This general process for an upgrading can be used for security updates to Drupal core, upgrading contributed or customer modules, or migrating theming and other changes from a development or test environment to a production environment.

An upgrade should be performed in off-hours, a site used mostly during regular business hours a Friday evening may be ideal as you would have all weekend to recover from a disaster without a major service interruption. Another option that I like is to upgrade in the early morning hours on a weekday, with customer representatives available to QA the site after the upgrade, made possible by their planning an early arrival to work. Importantly you should warn the stakeholder/customer and give them outage periods, that should that be estimated and communicated in a timely manner and it is critical to have a fall-back plan in place in case of unforeseen problems.
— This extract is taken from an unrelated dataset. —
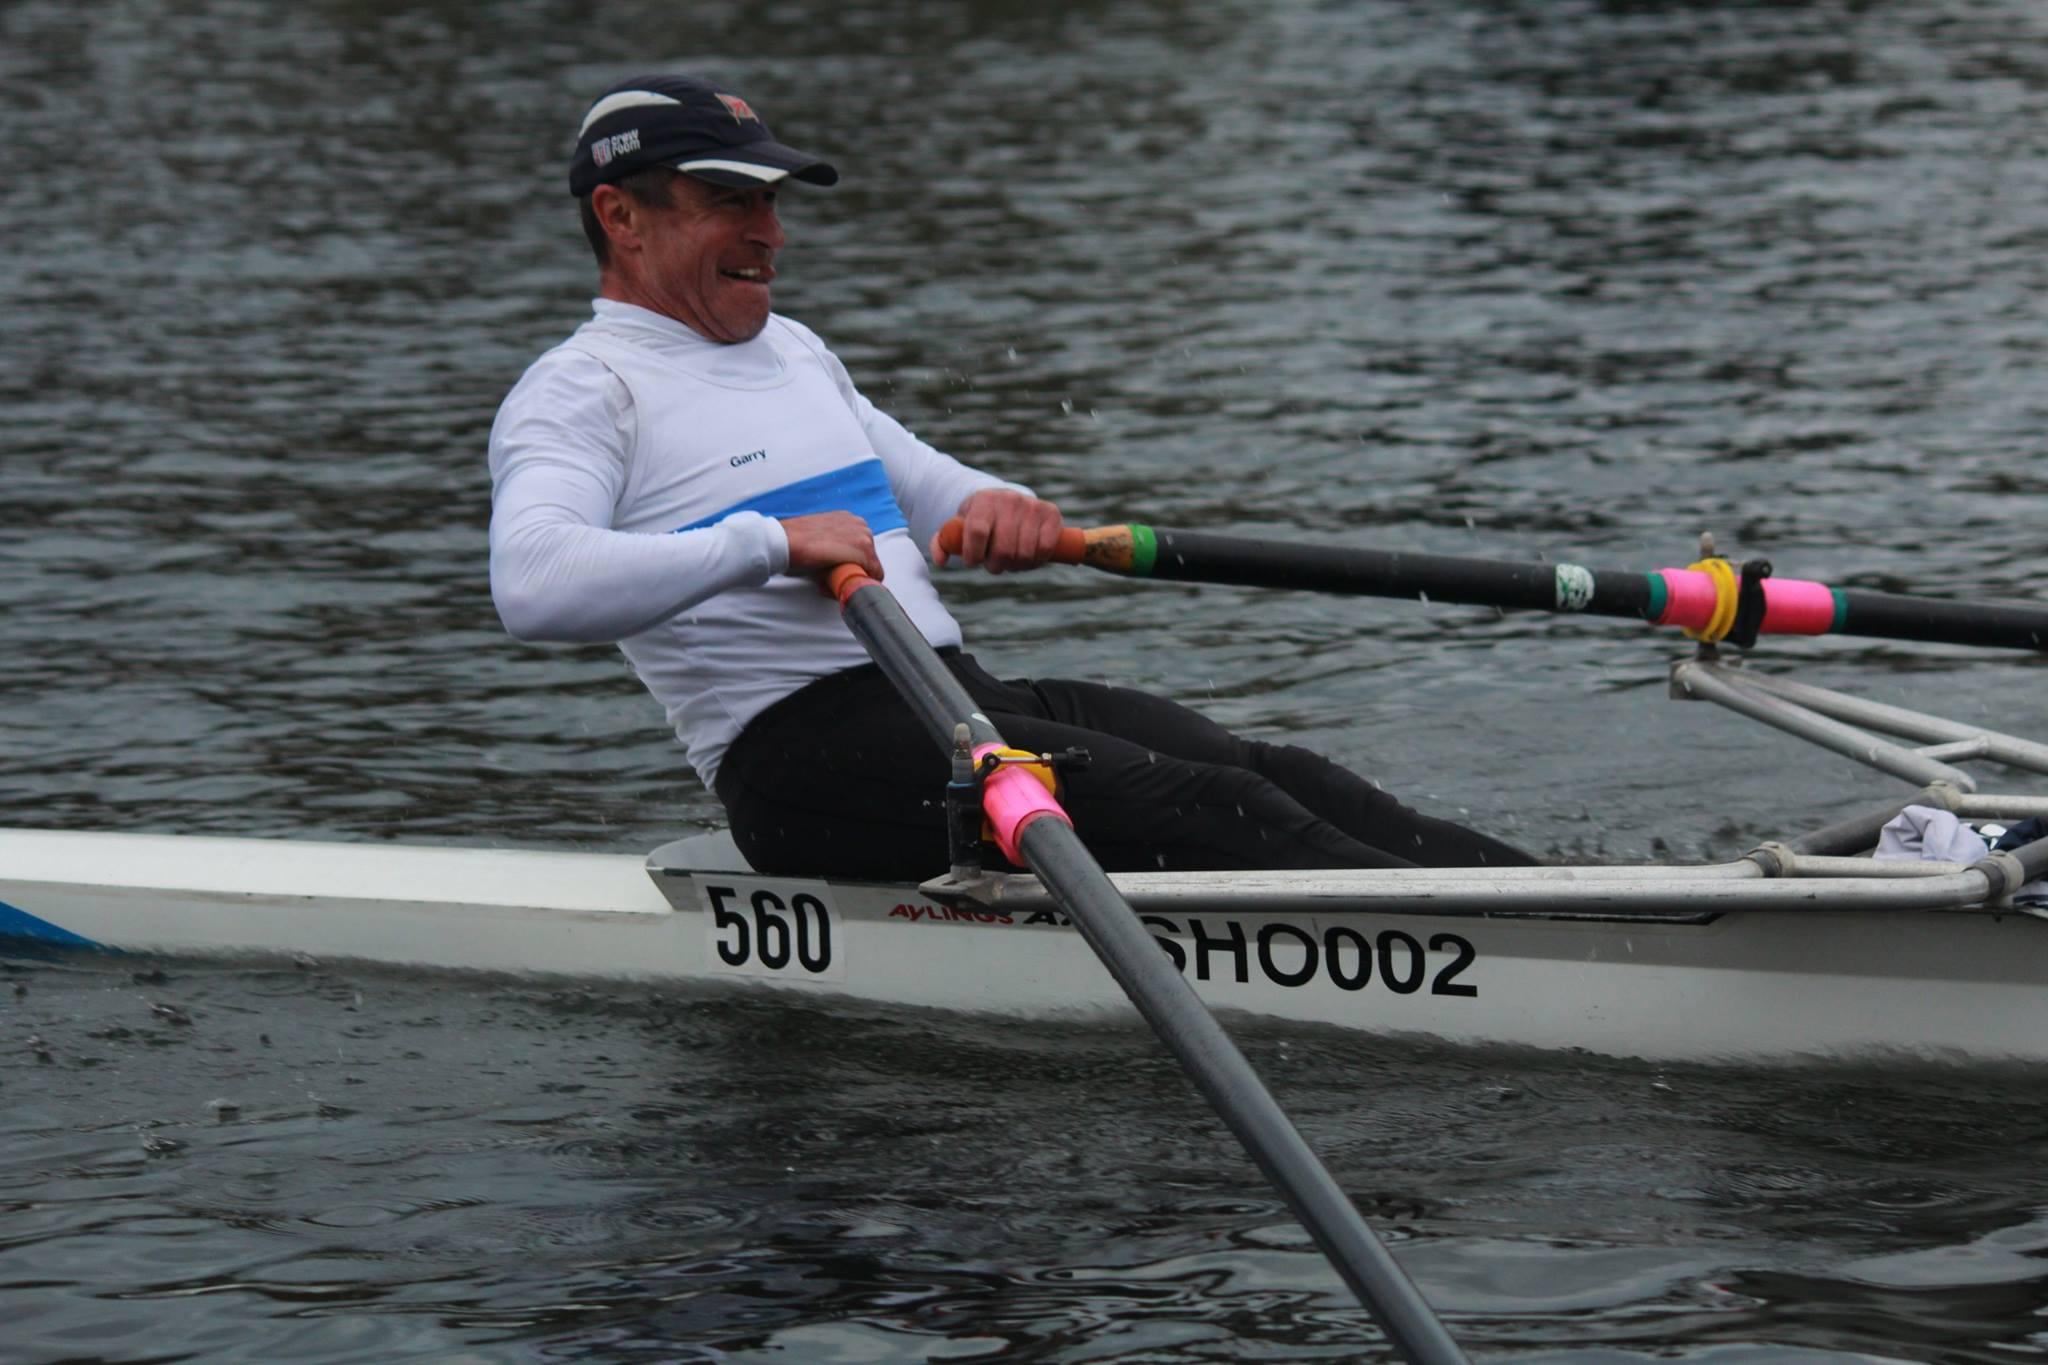 Shoreham's Saunders is British Rowing Volunteer of the Year

If you are updating modules read the help text files the developer has created to follow recommended upgrades. Look at the module issue queue for issues that could happen when you update. If you are doing a number of module updates create a document of likey SQL changes and group into small sections with dependencies together. This should give you a path to follow and highlight likely issues that you may encounter in more problematic updates.

  • Run the Cron and Cache, turn off all caching.
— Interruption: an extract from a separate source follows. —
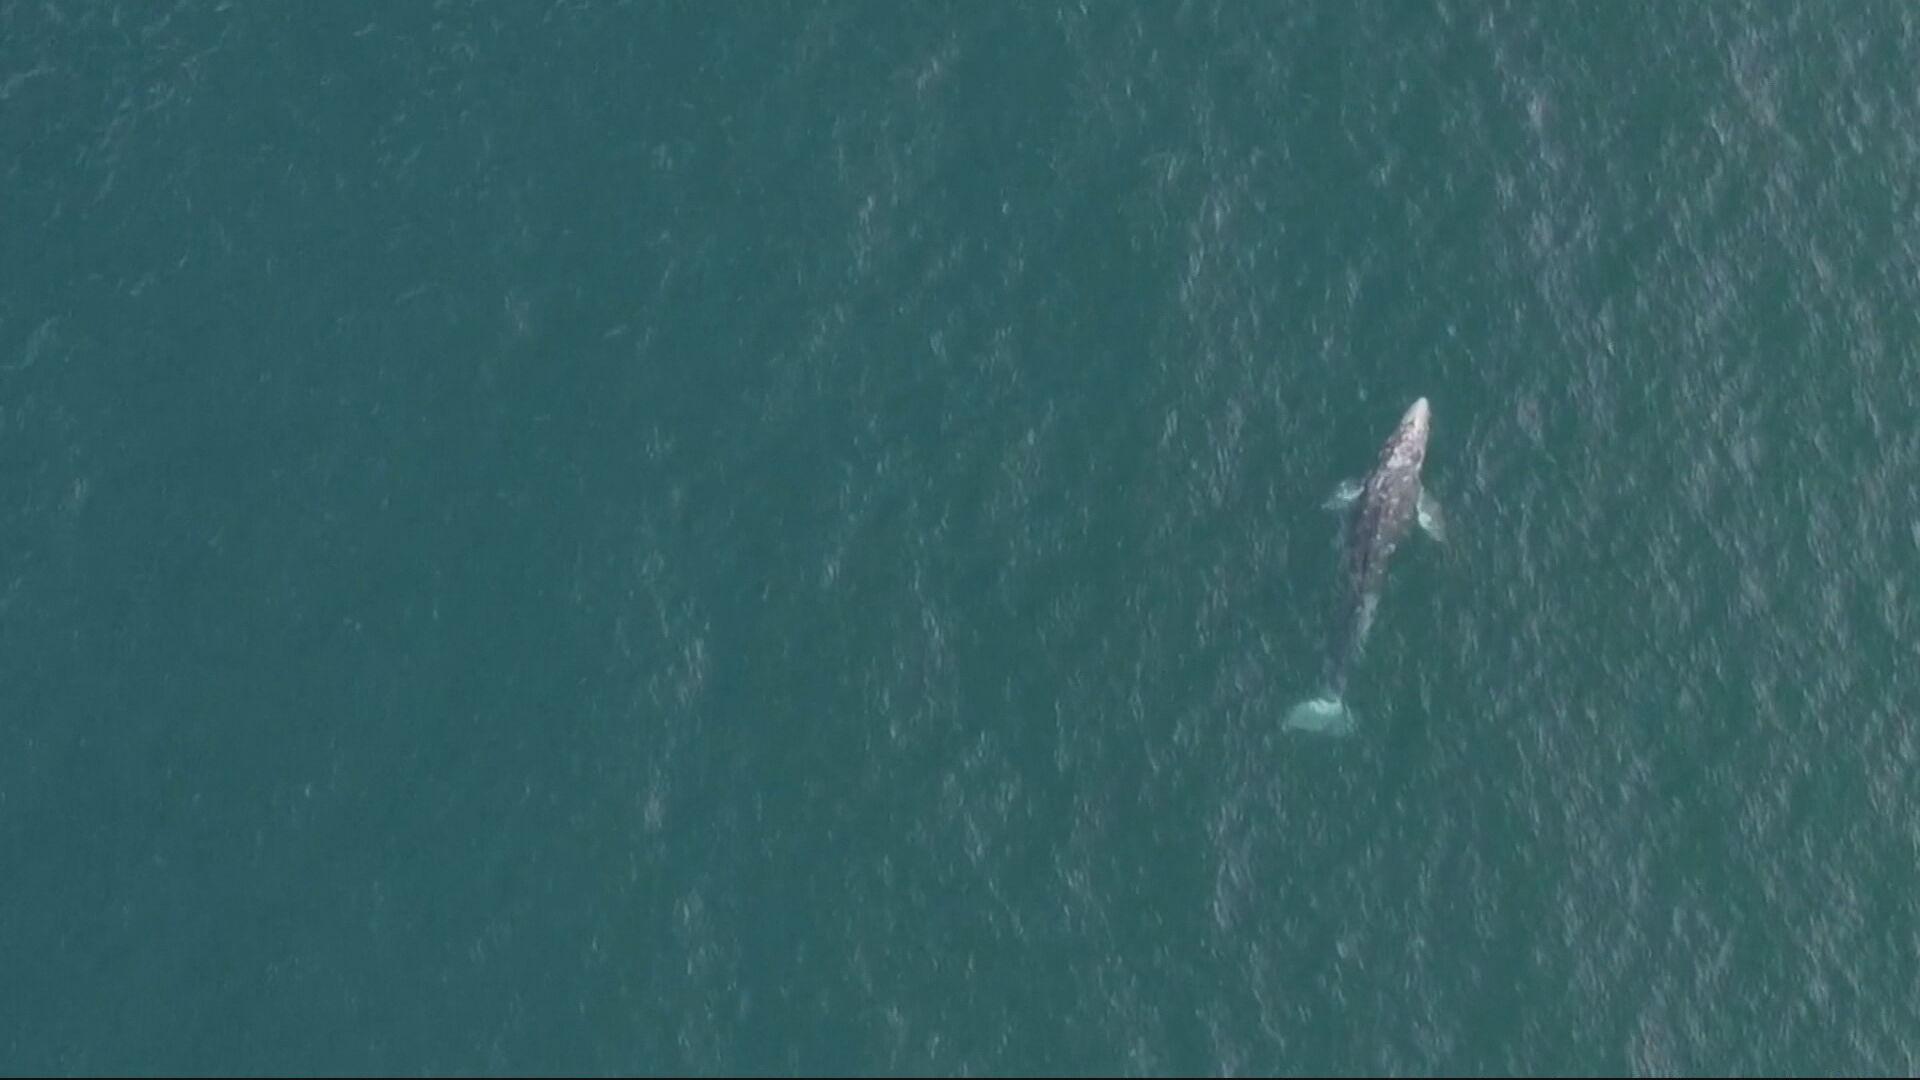 Baleia Wally se afastou de seu habitat natural

  • Create a script to dump the data base, this is to be sure we have a dump readily available with no reliance the internal Drupal System backup processes. Create a script to import the data base. This would only be used in the event is was necessary to abort the upgrade and perform a roll-back. If you use phpMyadmin you can create a SQL export dump file from here and import the file in case the core system has locked up.
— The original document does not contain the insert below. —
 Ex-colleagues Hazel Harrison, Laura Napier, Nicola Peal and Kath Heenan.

  • Do a full SVN (Version Control) Checkout into a new directory at the same level as the current production directory or download and install a fresh copy of Drupal into a new directory, deleting the /sites directory. Copy any directories needed from the current production directory into the new directory, e.g. /files /sites etc. Be sure to set the file permissions (chmod) and file owner (chown) if running the site on a Linux based server.
  • Put the site in off-line mode. 6. Rename the production directory, this is better than making a tar because a roll-back of the file system can be made by simply renaming the directory back to its original name. 
  • Rename the SVN Checkout / Drupal New Install directory to the production directory name.
  • Run update.php.
  • Implement any settings required by the upgrade, for example updating views or other module configuration settings using the Drupal interface.
  • As a precaution you may want to use an internal backup like back up and migrate.
  • Turn caching back on.
  • Run Status Report - check for exceptions.
  • Return site to on-line mode.

If you leave the core files alone most updates from core will run with out a hitch. These days the updates are well tested from the community, however I believe in being cautious in updating especially when you working with large complex sites were there are a lot of variations to the system.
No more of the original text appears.